● WORK REQUIRED: Each line of the data below holding the word "Photo" must be copied.

● STUDY MATERIAL:
##############################
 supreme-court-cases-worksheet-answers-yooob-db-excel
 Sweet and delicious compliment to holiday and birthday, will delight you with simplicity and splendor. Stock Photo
##############################
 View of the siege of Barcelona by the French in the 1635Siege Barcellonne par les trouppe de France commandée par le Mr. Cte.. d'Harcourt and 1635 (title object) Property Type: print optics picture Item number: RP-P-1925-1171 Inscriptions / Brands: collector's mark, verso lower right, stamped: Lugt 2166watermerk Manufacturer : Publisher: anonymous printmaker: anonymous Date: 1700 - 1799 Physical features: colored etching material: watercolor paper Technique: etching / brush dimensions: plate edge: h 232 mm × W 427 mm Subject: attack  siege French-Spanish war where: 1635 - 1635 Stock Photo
##############################
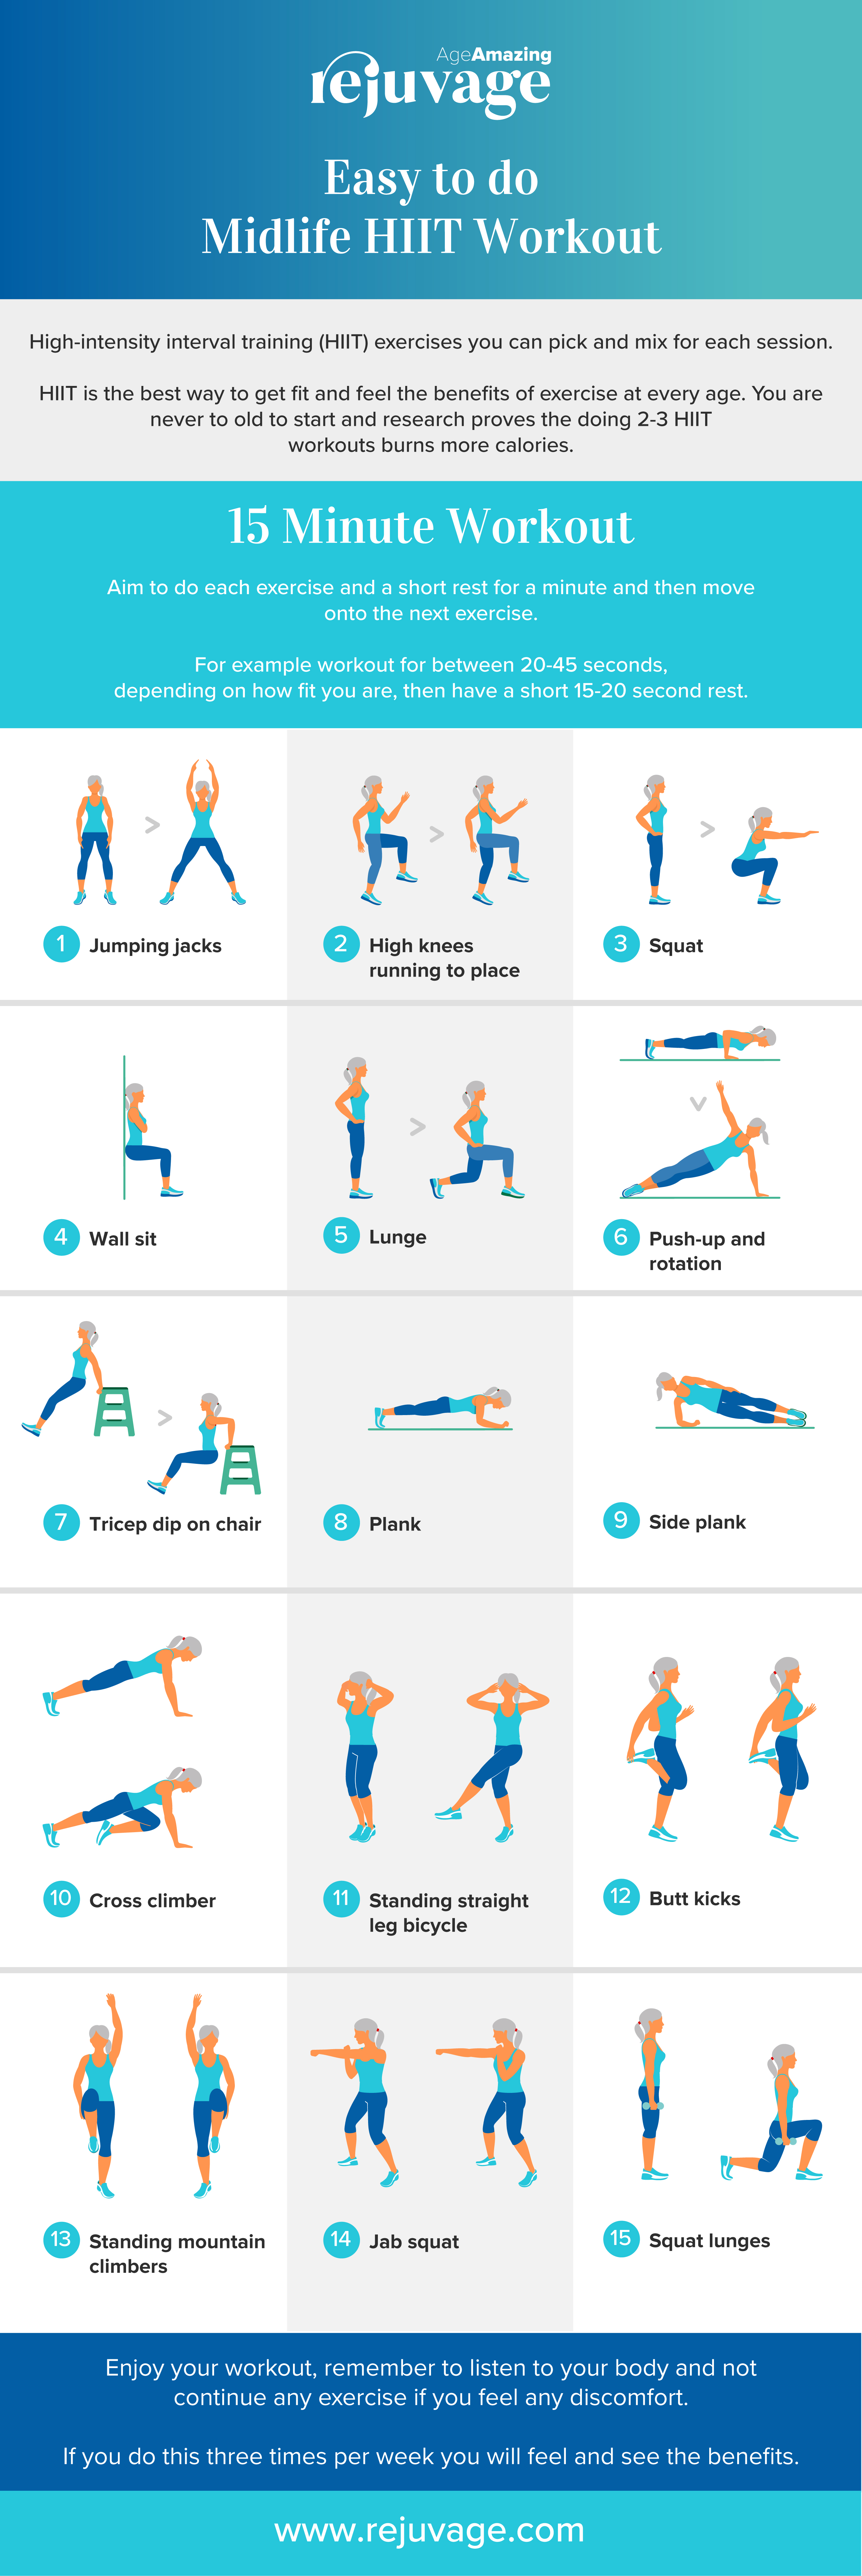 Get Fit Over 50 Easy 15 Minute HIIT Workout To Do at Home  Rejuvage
##############################
● TASK ANSWER:
 Sweet and delicious compliment to holiday and birthday, will delight you with simplicity and splendor. Stock Photo
 View of the siege of Barcelona by the French in the 1635Siege Barcellonne par les trouppe de France commandée par le Mr. Cte.. d'Harcourt and 1635 (title object) Property Type: print optics picture Item number: RP-P-1925-1171 Inscriptions / Brands: collector's mark, verso lower right, stamped: Lugt 2166watermerk Manufacturer : Publisher: anonymous printmaker: anonymous Date: 1700 - 1799 Physical features: colored etching material: watercolor paper Technique: etching / brush dimensions: plate edge: h 232 mm × W 427 mm Subject: attack  siege French-Spanish war where: 1635 - 1635 Stock Photo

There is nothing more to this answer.